1. What is metadata
1.1. Introduction to Metadata
Metadata ( Metadata ), also known as intermediary data and relay data , is the data describing data (data about data), mainly describing the information of data attributes (property) , used to support such as indicating storage location, historical data, resource search , file recording and other functions are called data data.
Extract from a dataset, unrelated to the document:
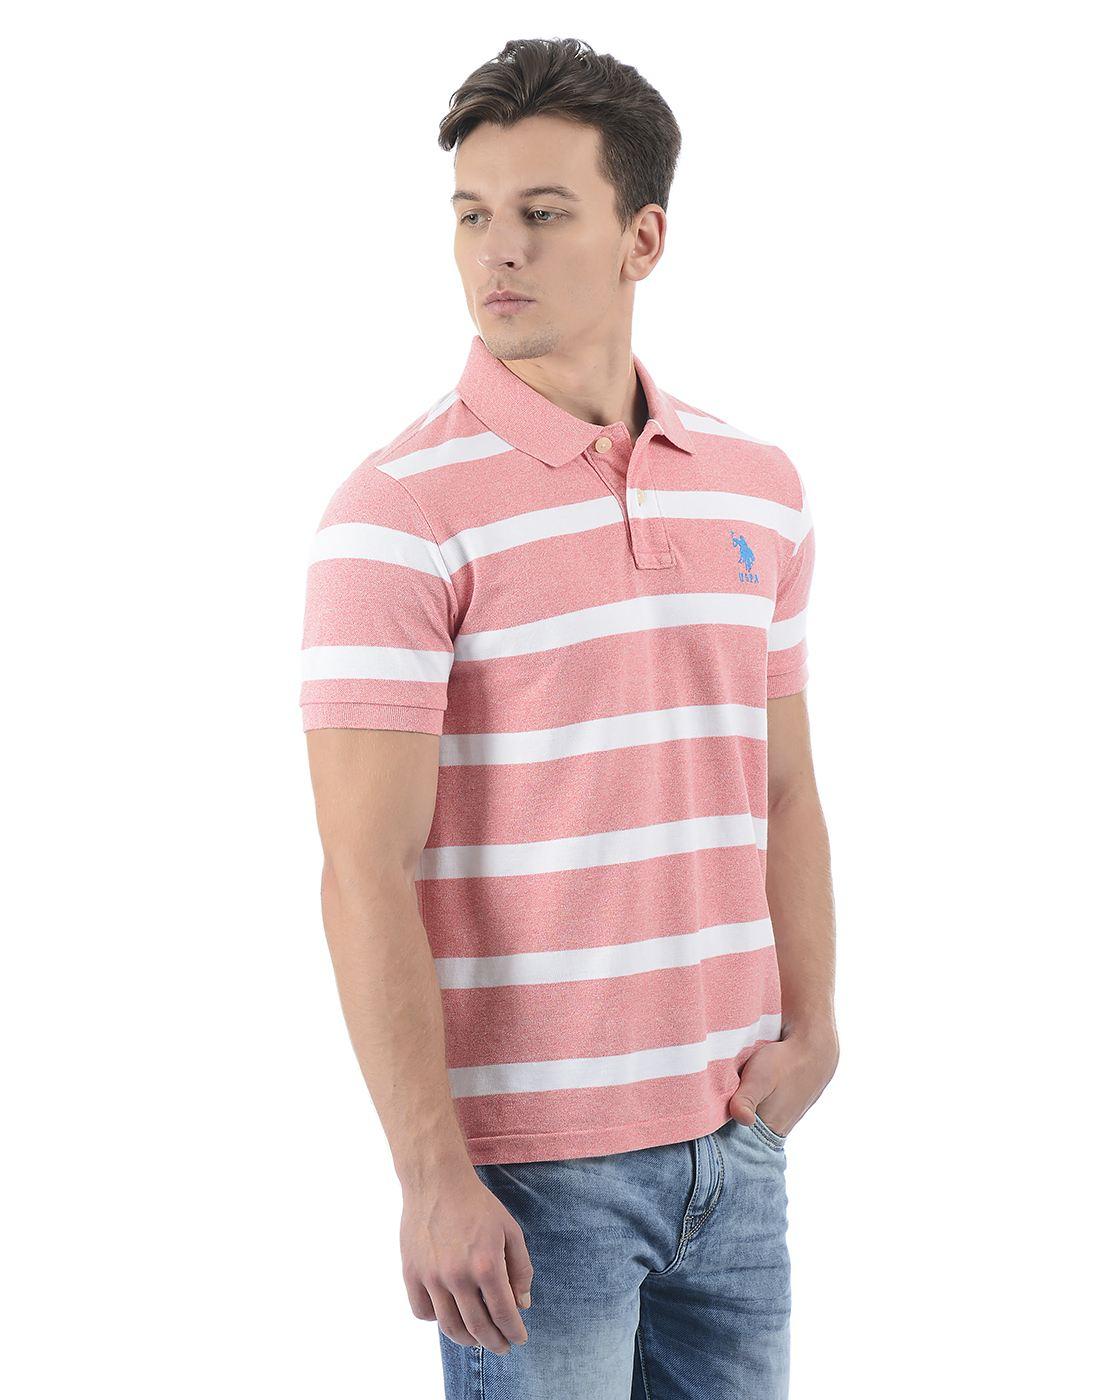 U.S. Polo Association Men Casual T-shirt
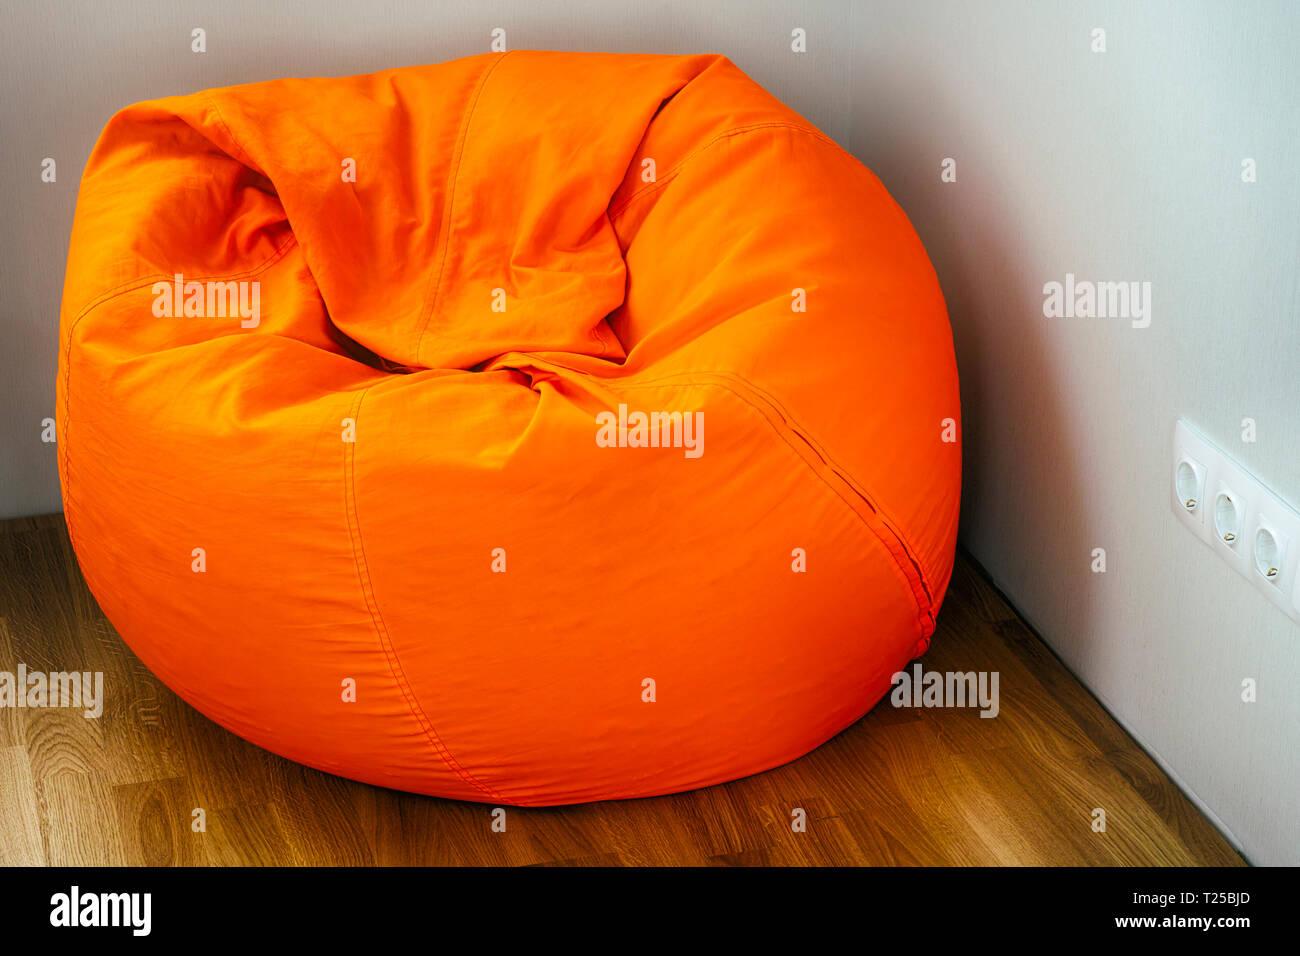 Orange beanbag in room corner - Stock Image

1.2. Metadata classification
metadata | content | content source | Support asset management |
---|---|---|---|
technical metadata | surface | mysql,ES,HIVE,clickhouse等 | asset map |
Operation | ETL,DATAX,SQL,QUERY | ||
production metadata | Production | Scheduling system/Yarn | Data Quality, Cost Governance |
business metadata |
Data Warehouse Grading | Modeling specification | Asset value, security governance, standardized governance |
data classification | business | ||
Index Correlation | Indicator system | ||
application information | BI Kanban, data report | ||
Privacy rating | business | ||
derived metadata | storage metering | ClickHouse,ES,HDFS,MQ | Cost Governance, Asset Value |
access metering | SQL-log | ||
Lineage metadata | blood relationship | Flink,DATAX,ETL, | Asset Mapping, Impact Analysis |
field lineage | SQL-Log,HOOK |
2. Why metadata governance is needed
Data specification formulation is more standardized, data quality is improved, data directory structure is clearer, data assets are clearer, and data cost is more controllable!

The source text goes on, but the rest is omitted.